§ **Exercise data**:
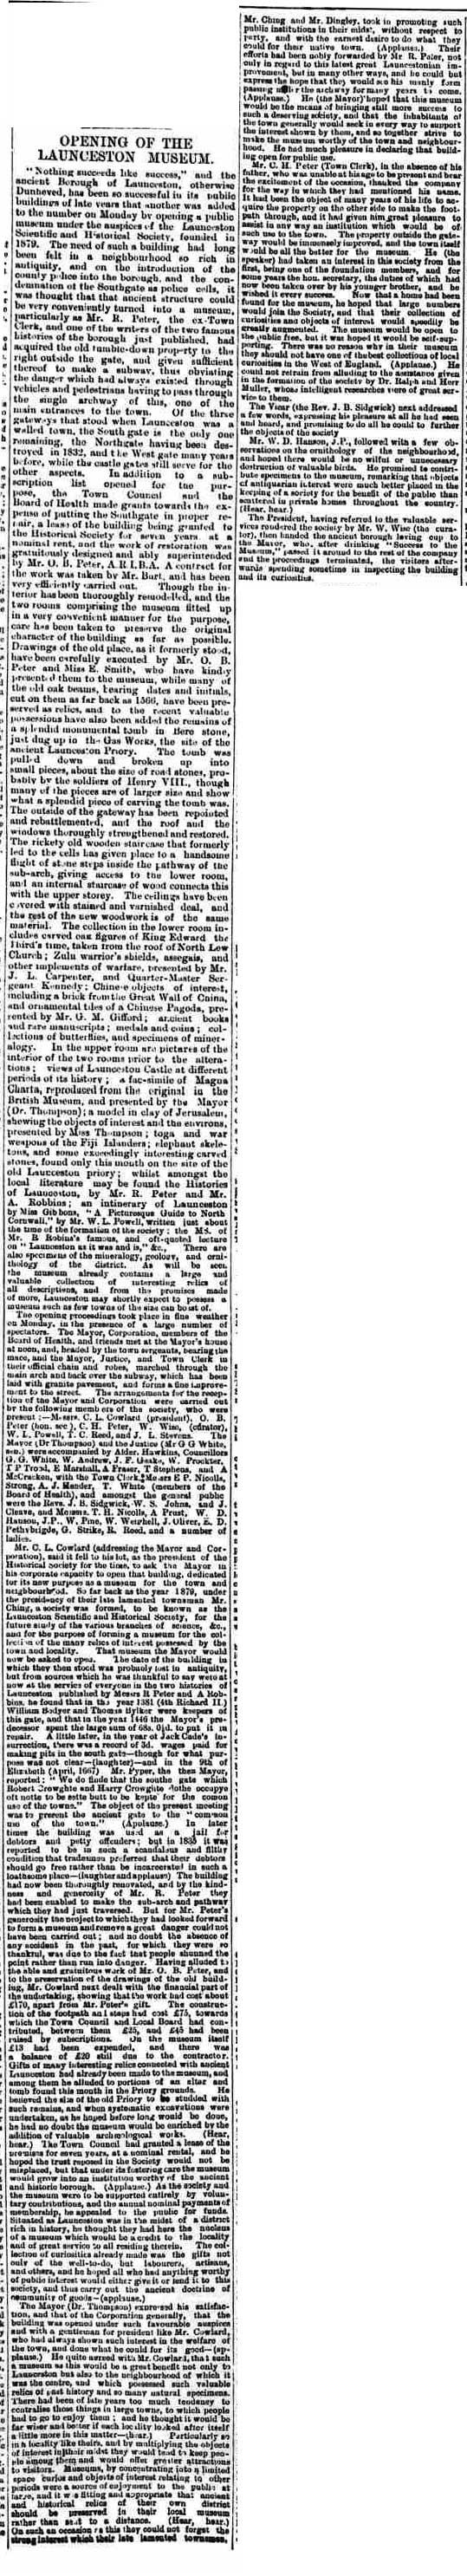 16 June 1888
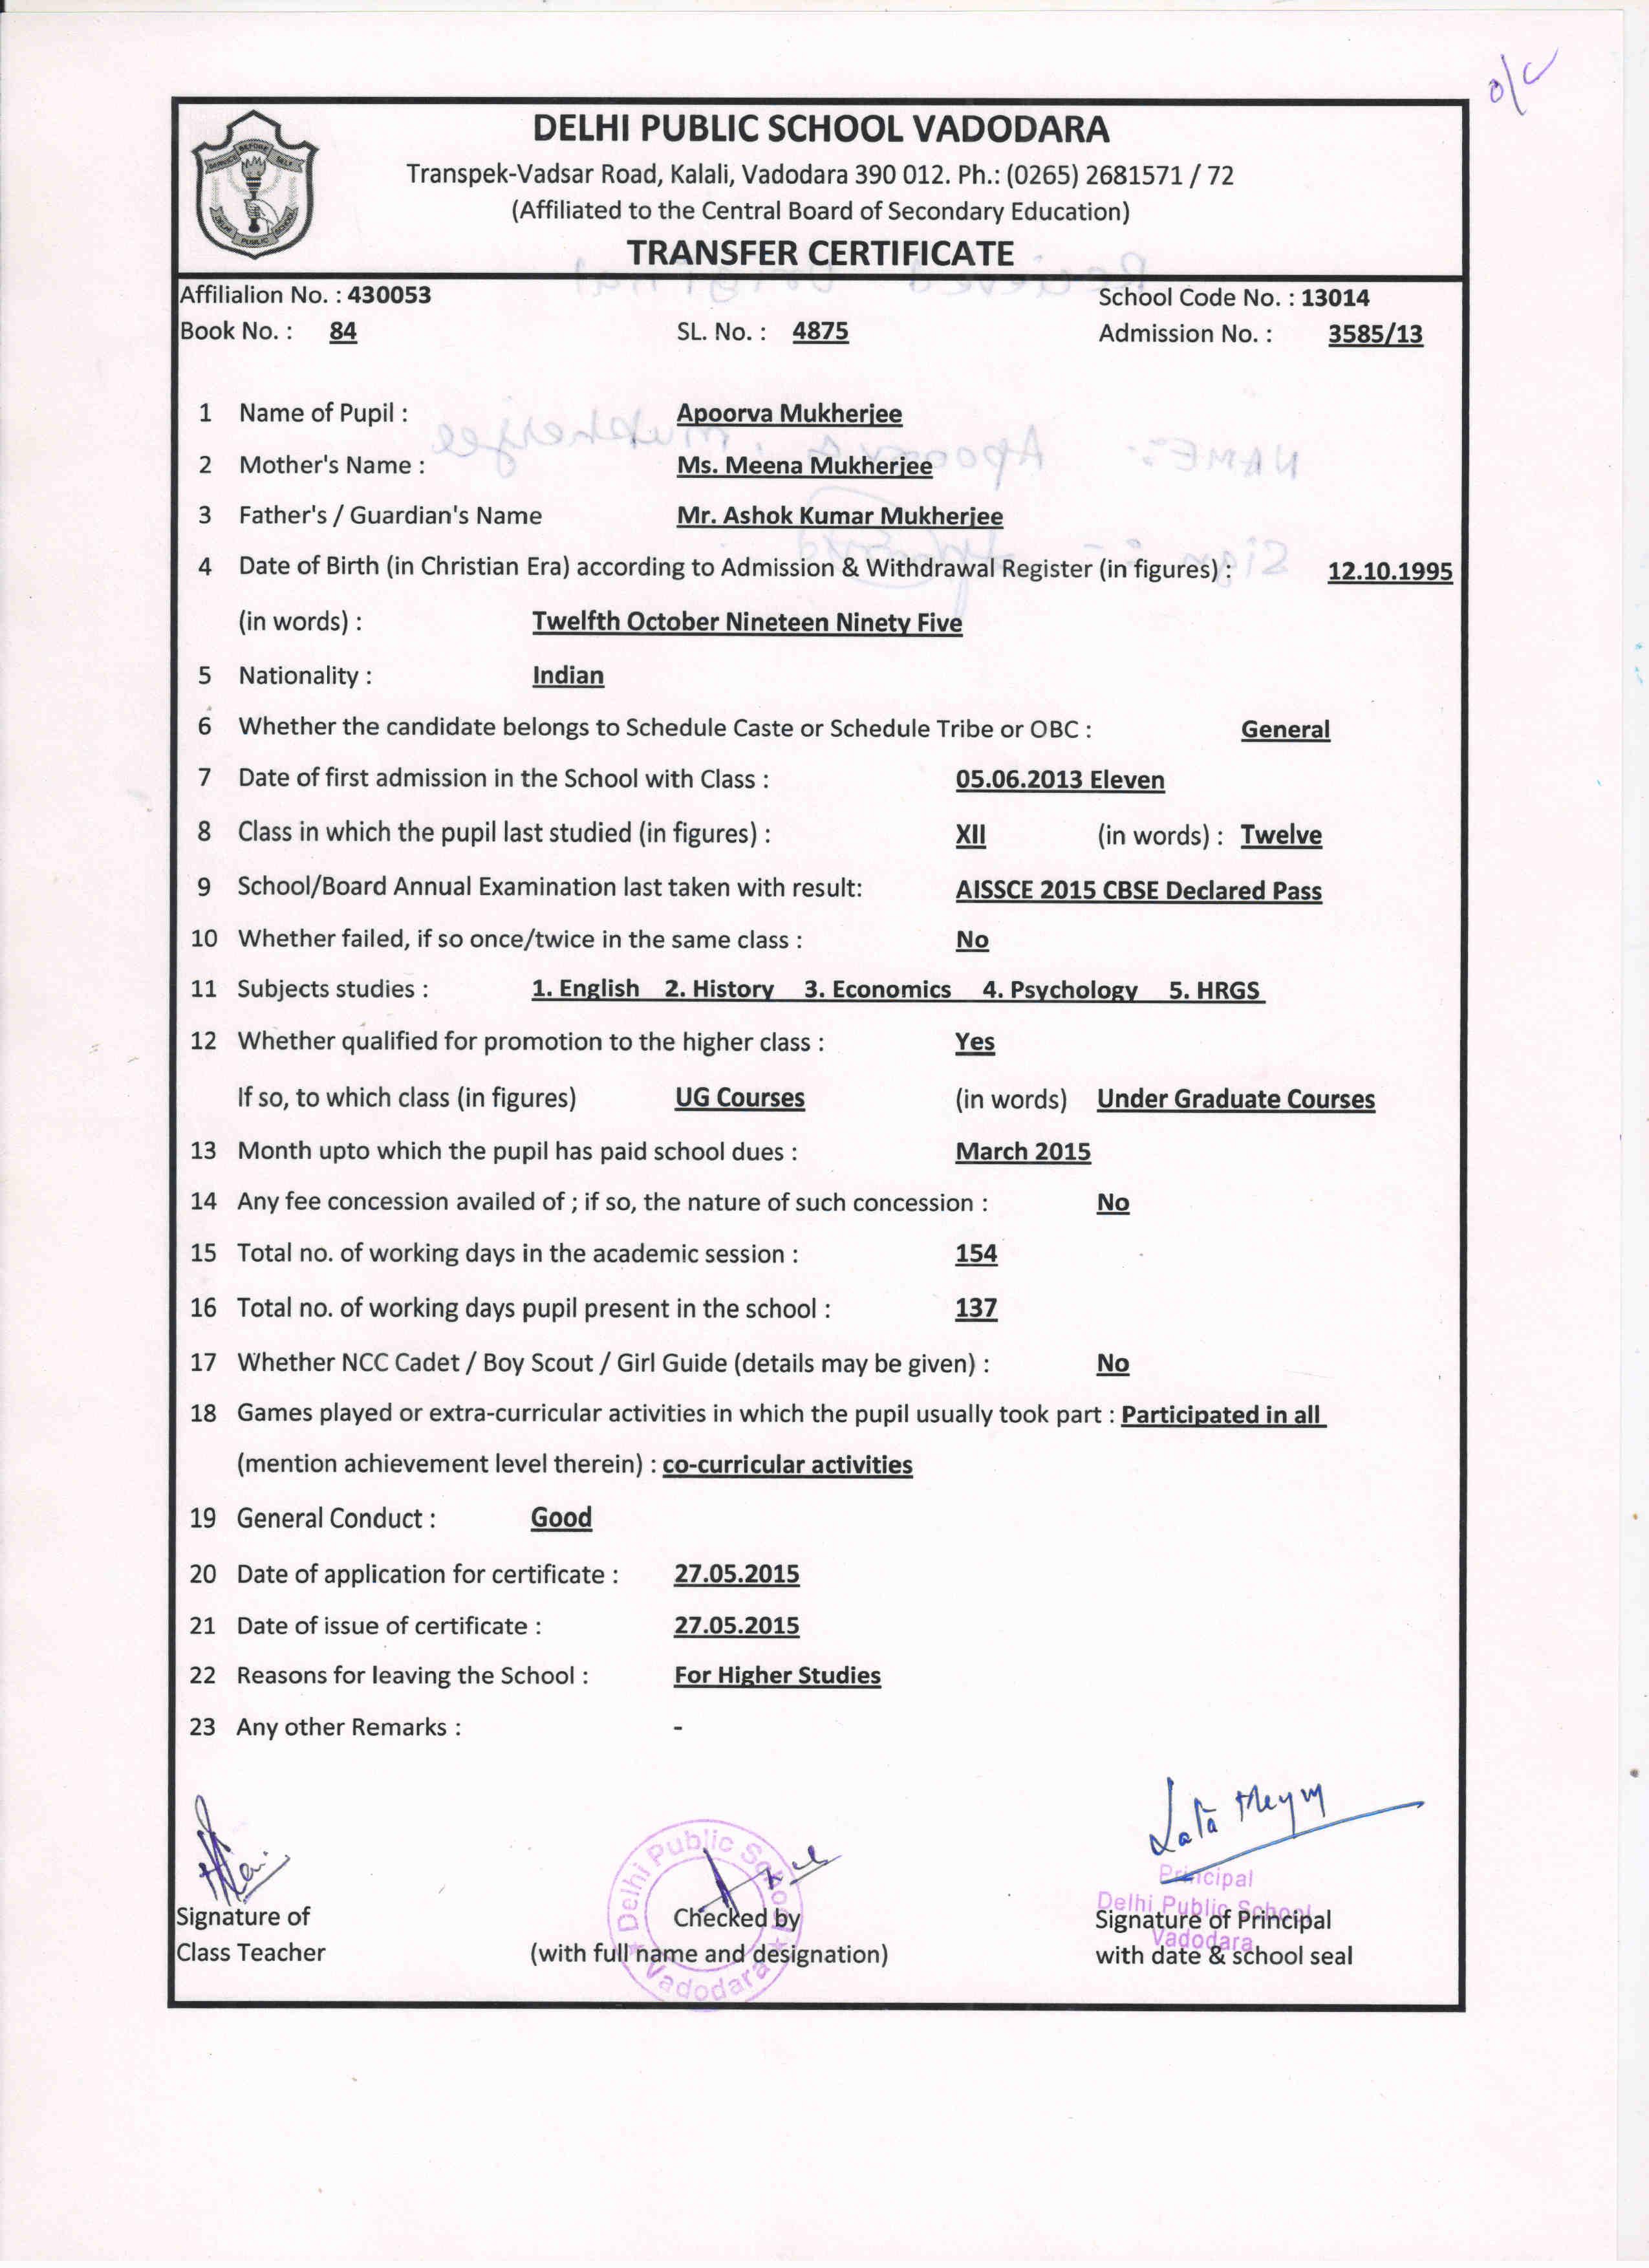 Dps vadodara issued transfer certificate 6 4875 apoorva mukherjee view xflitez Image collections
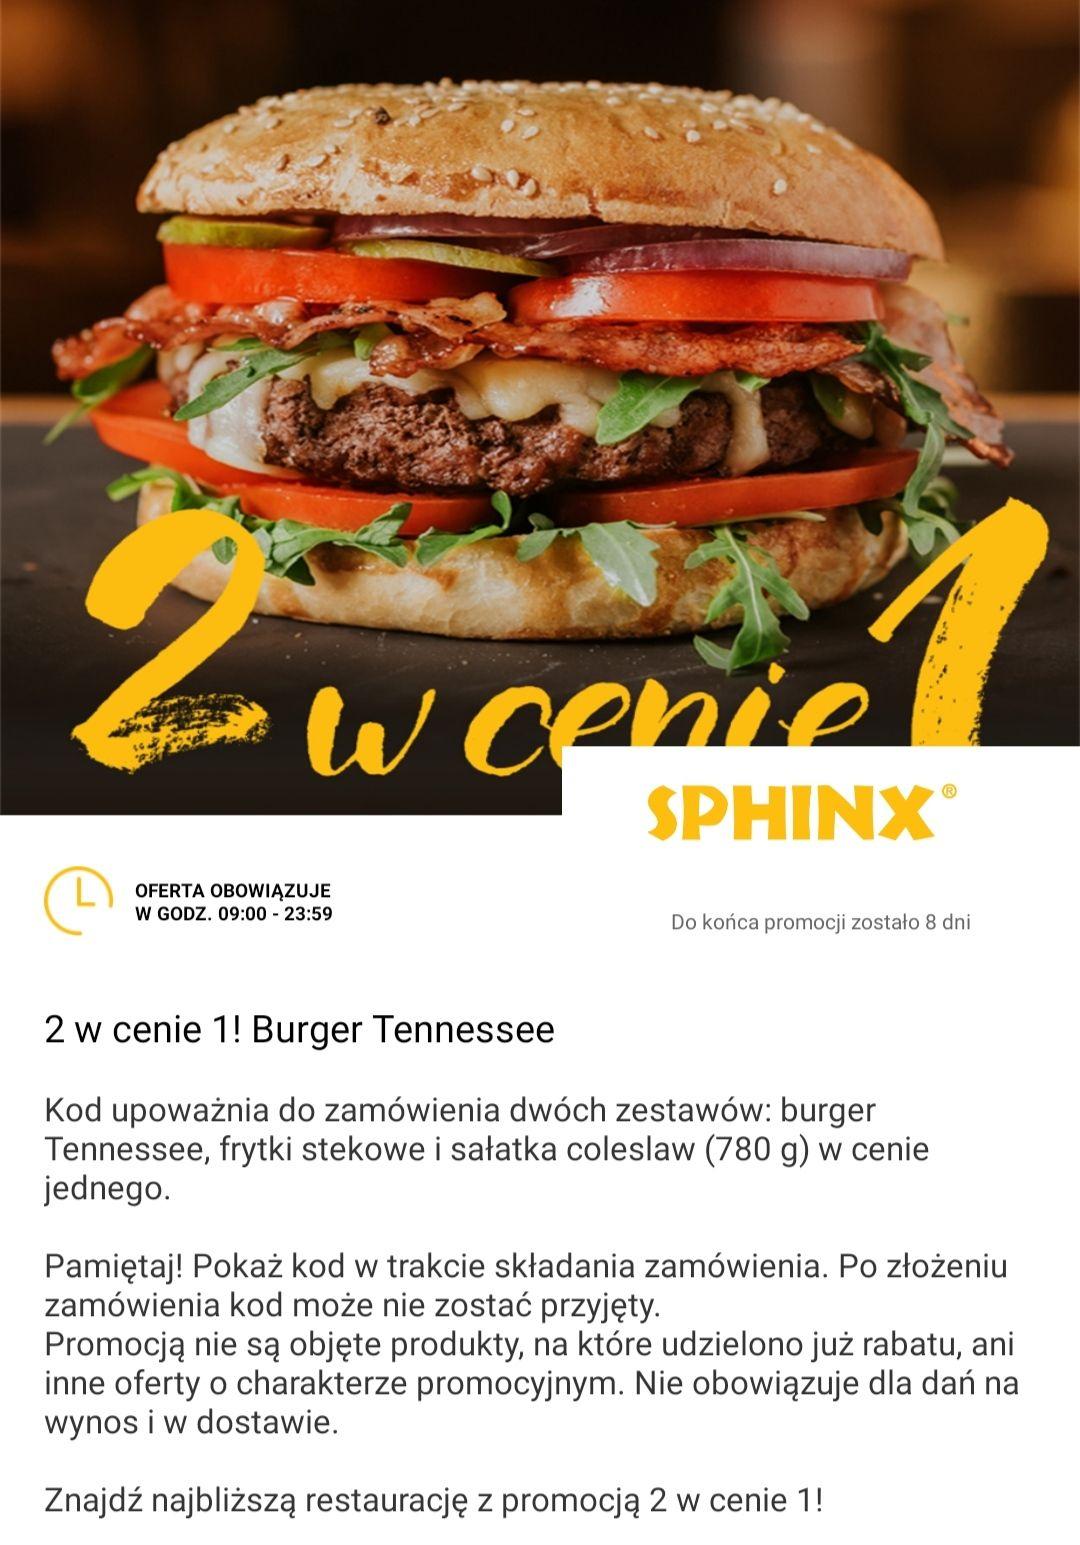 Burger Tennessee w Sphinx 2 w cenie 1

§ **Problem to solve**: Copy out all of the data word for word. Do not carry over any picture.

§ **Output of the exercise**:
 16 June 1888
 Dps vadodara issued transfer certificate 6 4875 apoorva mukherjee view xflitez Image collections
 Burger Tennessee w Sphinx 2 w cenie 1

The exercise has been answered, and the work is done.